A serviceman demanded moral damages in court for spoiled UAV pilot training after poisoning from Philadelphia rolls
The catering and online delivery sector has remained a high-risk area in recent years. The case of a serviceman suing a Japanese cuisine restaurant is an example of how the complexity of corporate brand structures and shortcomings in identifying the seller become barriers to consumer rights protection.
The lunch that led to hospitalization
The plaintiff ordered a sushi set and drinks through a mobile app from a well-known brand's restaurant. The next day, he was hospitalized at the Military Medical Clinical Center with a diagnosis of "gastroenterocolitis caused by Enterobacter." Due to the illness, the plaintiff was unable to fully complete an important training course for strike UAV pilots "PAROG," which became the basis for the claim of 100,000 UAH in moral damages.
The plaintiff provided screenshots from the delivery service, a medical record confirming the diagnosis, a screenshot of the claim sent to the restaurant, an appeal to the State Service of Ukraine on Food Safety and Consumer Protection, a screenshot of the order from the restaurant via the delivery service, and a certificate of completion of the course "External pilot of strike multirotor UAV with FPV system." The screenshots show the fact of the order with the purchased products listed, delivery information clearly indicating the name of the establishment from which the order was made, as well as the card details from which the funds were debited.
The defendant built its defense around two key arguments. The first concerns the improper defendant: the company stated that according to registration data, its main activity is real estate rental (NACE 68.20), not food preparation or sale. Therefore, the company believes it cannot be responsible for legal relations related to food sales.
The second argument was the lack of proper evidence from the plaintiff. In particular, no fiscal receipt was provided to confirm that the purchase was made from the defendant. Instead, the submitted screenshot of the order lacks mandatory seller identification details, including the EDRPOU code, which makes it impossible to unequivocally identify the business entity that received the payment.
Therefore, the defendant insisted on the absence of a proper evidentiary base and denied involvement in the disputed transaction.
The appellate court, confirming the decision of the first instance, noted that according to Article 6 of the Law "On Consumer Rights Protection", the obligation to deliver goods of proper quality lies with the seller. The court established that the defendant does not operate at the specified address, which was also confirmed by the State Service of Ukraine on Food Safety and Consumer Protection. The use of the defendant's trademark, i.e., its brandbook, by other individual entrepreneurs or companies does not automatically make the trademark owner responsible for the quality of each dish.
According to Article 1167 of the Civil Code of Ukraine, moral damages are compensated if there is fault and a causal link. The court noted that the medical certificate of gastroenterocolitis confirms the illness but does not prove that the pathogen entered the body specifically from the Philadelphia rolls. The plaintiff did not initiate a sanitary-epidemiological investigation or product examination.
Advice for consumers
The decision of the Kharkiv Court of Appeal in case No. 953/7927/24 confirms that a screenshot is not a receipt. In disputes involving delivery aggregators, it is important to obtain a fiscal receipt or invoice indicating the specific taxpayer identification number (TIN)/EDRPOU code of the seller, not just the brand name.
The appeal was dismissed, and legal costs of 13,000 UAH were imposed on the plaintiff, making this poisoning financially burdensome as well.
If such a situation occurs, it is important to approach the court process thoughtfully to avoid losing not only days spent on sick leave but also the court fee and attorney expenses.

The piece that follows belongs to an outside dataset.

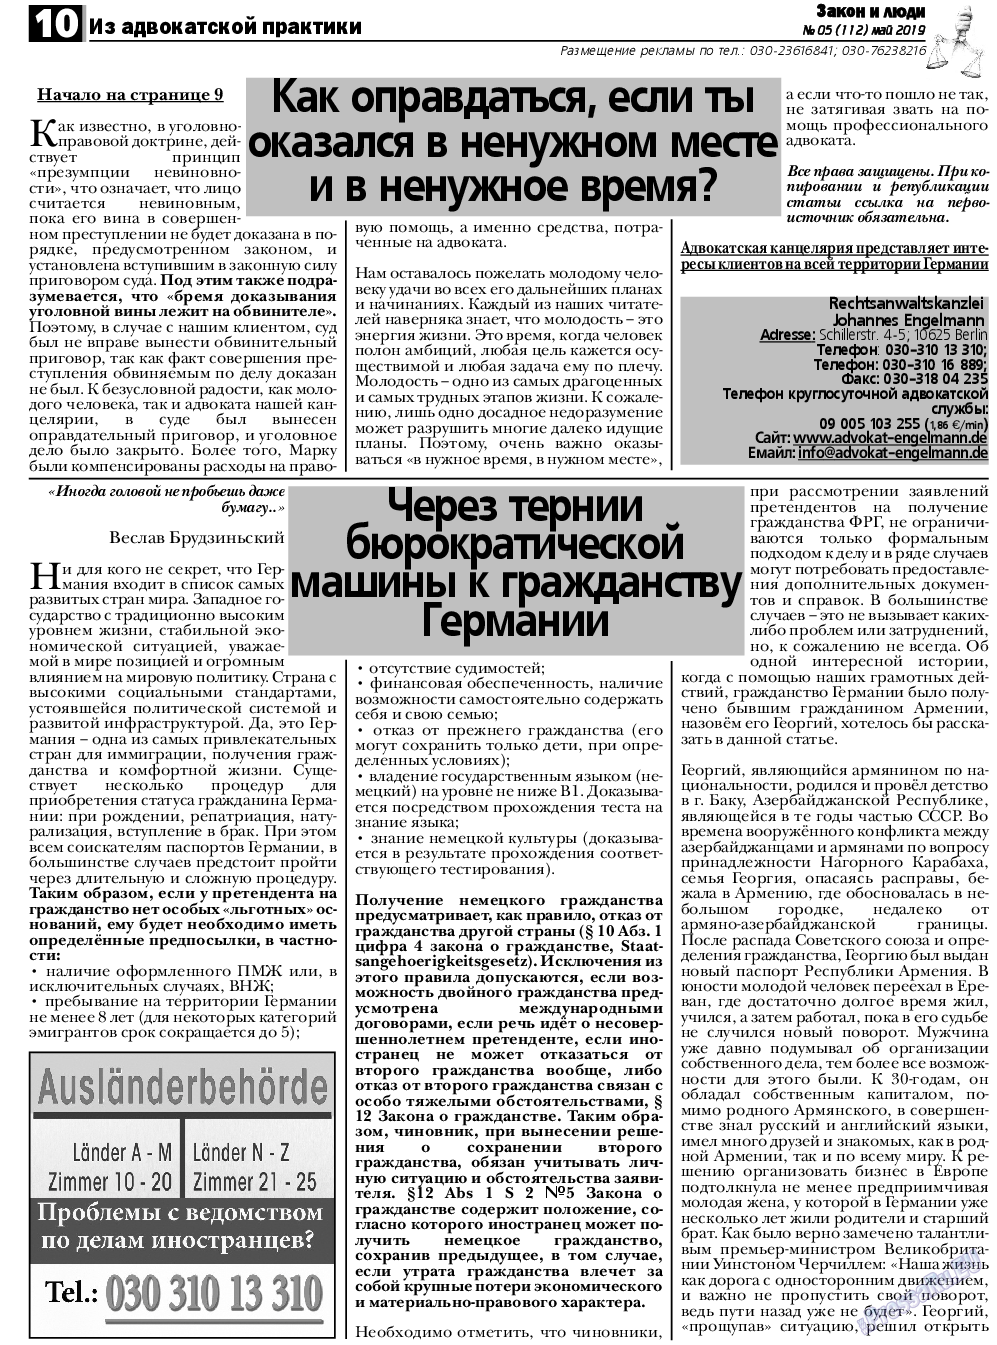 Закон и люди, газета. 2019 №5 стр.10

The mere fact of ordering through a delivery app is insufficient to prove the purchase from a specific business entity. Screenshots of orders without proper details are not recognized as sufficient evidence.
A fiscal receipt or invoice is necessary. Such a document must contain the full details of the seller — the name of the legal entity or individual entrepreneur and the EDRPOU code.
A bank statement can confirm the payment but must allow identification of the recipient as a specific business entity.
The court also noted that a medical certificate of illness alone does not prove the fault of the establishment. Medical documentation only confirms the fact of the visit and diagnosis but does not establish the source of infection.
To prove causation, results of a sanitary-epidemiological investigation or laboratory testing of products confirming the presence of the pathogen specifically in the food of the particular establishment are required.
An appeal to the State Service of Ukraine on Food Safety and Consumer Protection should be initiated immediately after the incident, but it is important to correctly identify the market operator — the legal entity actually operating at the relevant address.
It is necessary to prove that the poisoning resulted from consuming the product of a specific manufacturer, not another supplier or operator.
The court drew attention to the fact that the brand on the signboard and the legal entity conducting business may not coincide. Before filing a claim, it is necessary to establish who actually issued the fiscal receipt.
The absence of even one of these components, especially the conclusions of an official inspection by the State Service or laboratory test results of the food itself, leads to rejection of the claim.